• 16. t Summary

Links to: Summary. Chatbot tutor. Questions. Glossary. R packages. R functions. More resources.

[A physical bell-curve-shaped object labeled "Student's t distribution" is resting on a table. Cueball is working with it and a piece of paper.] Cueball: Hmm. [Cueball looks at the piece of paper.] Cueball: ...nope.  [Cueball picks up the object and begins to walk off the panel with it.] [Cueball comes back onto the panel, now carrying an object shaped like a much more complex curve, with many symmetric spikes and dips, labeled "Teacher's t distribution".]
Figure 1: T distribution adapted from xkcd.
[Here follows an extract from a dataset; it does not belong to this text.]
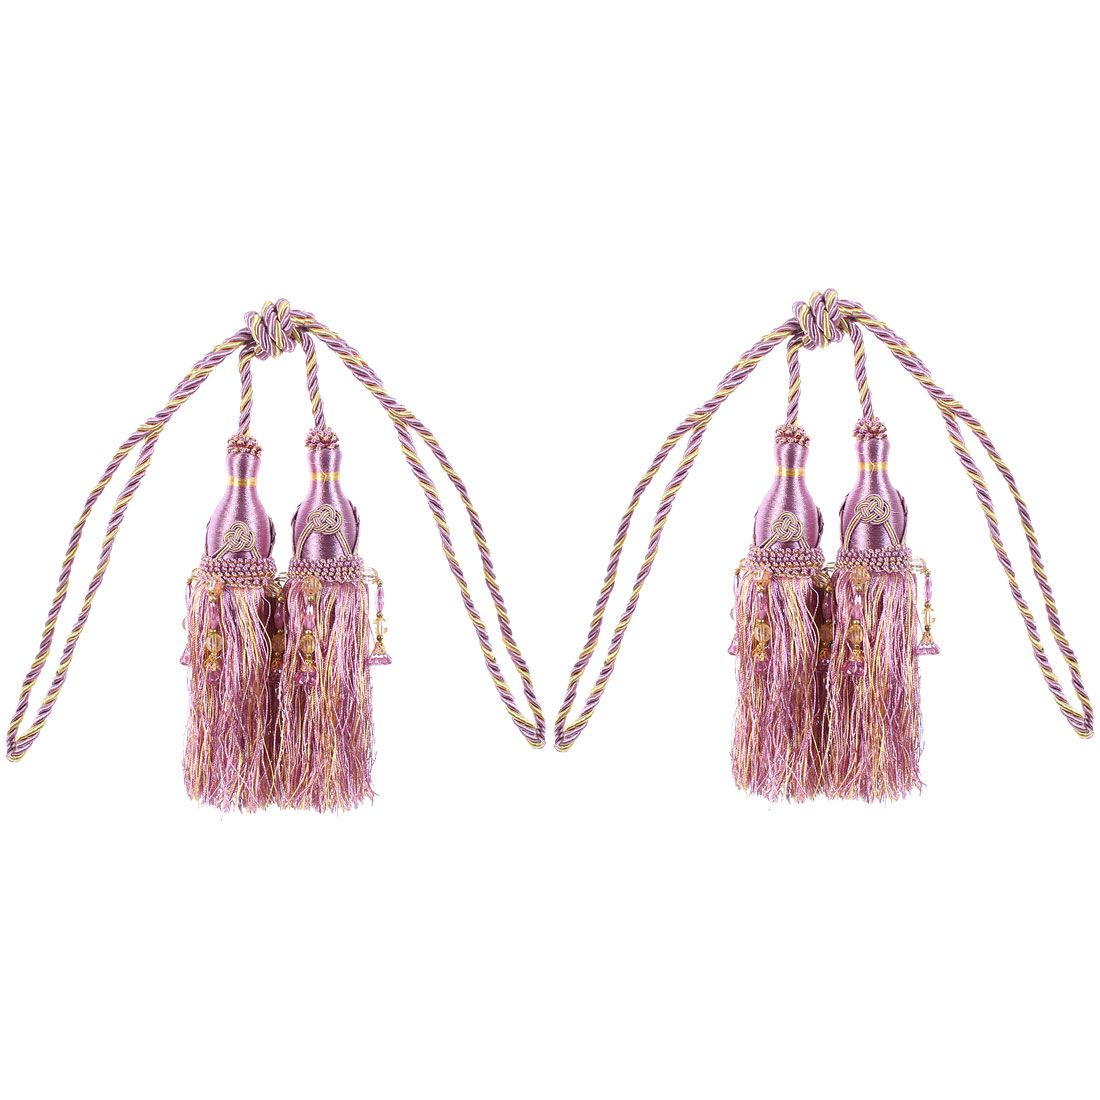 Curtain Drapery Hanging Beads Tassel Tiebacks 2Pcs

The rollover text sais “If data fails the teachers t-test you can force it to take it again until it passes.” See the related explainxkcd for more info!

Chapter summary

The t-distribution is a symmetric, bell-shaped curve defined by its degrees of freedom. Like the standard normal deviate, Z, the t-value measures the distance (in units of standard errors) between a sample estimate and a hypothesized population parameter. Compared to the Z-distribution, the t-distribution has “fatter tails,” reflecting the extra uncertainty from estimating the standard deviation.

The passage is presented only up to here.